Ten years later, his decision-making skills had been honed, yet every so often, doubts still crept in. Like the one dogging him about why he was even here.

He tried forcing a deep breath of the air that hovered in negative double digits, but it burned his lungs, so he jerked up the zipper on his government-issued red parka, slipped on mirrored Ray-Bans, and then followed his driver, Doug, toward the modular prefab research station where Eden and her dad supposedly worked.

“How long’s it been since you heard from them?” Jasper asked on the approach to the station’s outer door.

“Three days. I chatted with her father via email. Though comms are crashed down here more than they’re up, so it’s not all that unheard of. I’m sure they’re fine, and you wasted a damned long trip just to check on your girl.”
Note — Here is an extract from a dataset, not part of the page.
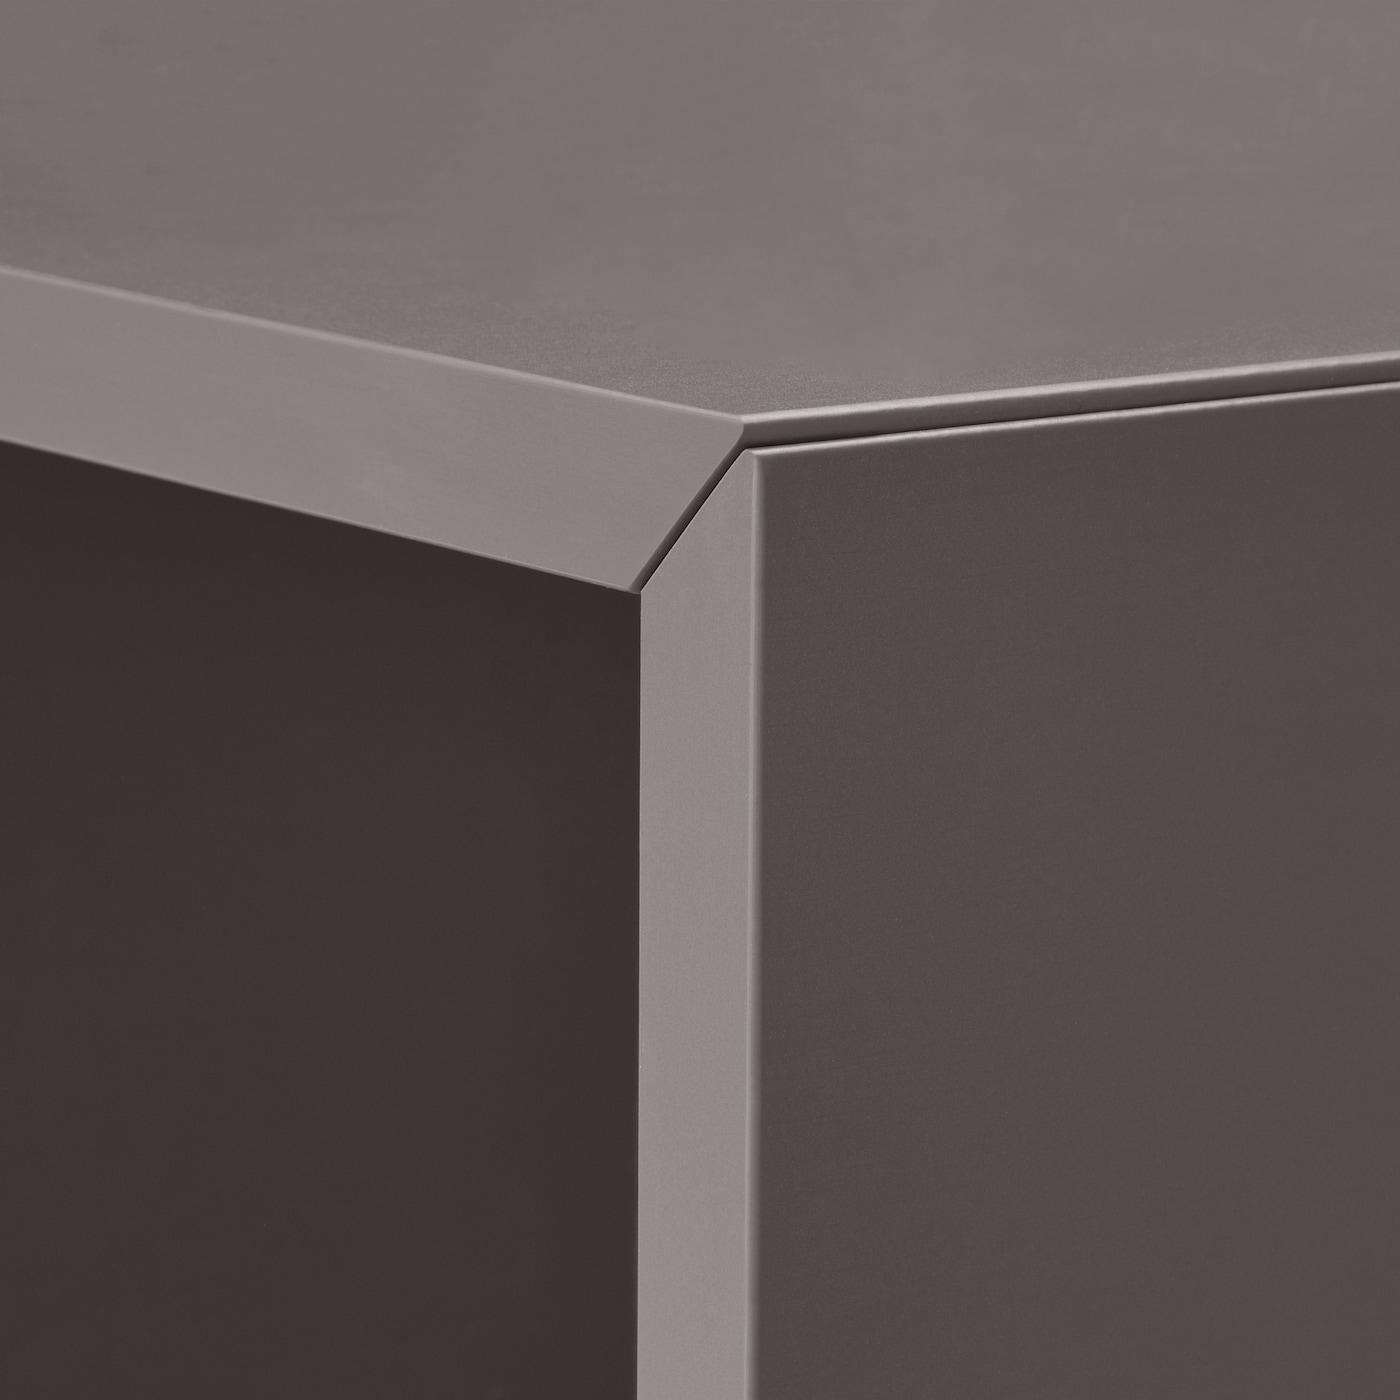 EKET Open kast wandmontage, donkergrijs, 35x25x35 cm

“She’s not mine,” Jasper bristled. He’d be lying if he said he didn’t want her to be, but this was strictly a cautionary mission. Even if he had been inclined to see whatever he and Eden shared through to a mutually satisfying conclusion, she’d ended things between them before he’d had the chance.

“Whatever.” Doug opened the door.

The sudden warmth screwed with Jasper’s sinuses.

Doug removed his coat and snow pants, hanging both on a long rack that held at least a dozen more.

Jasper followed suit. He was antsy to see for himself that Eden was okay, but played it cool. Doug already thought he was an idiot. Jasper didn’t want to look like one, too, by charging into the station like some half-cocked gedunk.

“Leave your boots, too.” Doug pointed to Jasper’s heavy black Sorels. “Quickest way to piss off a whole station is to track in snow.”

“Thanks. Good to know.”

Once both men stood in jeans, long-sleeved T-shirts and thick, white socks, Doug opened the station’s inner door.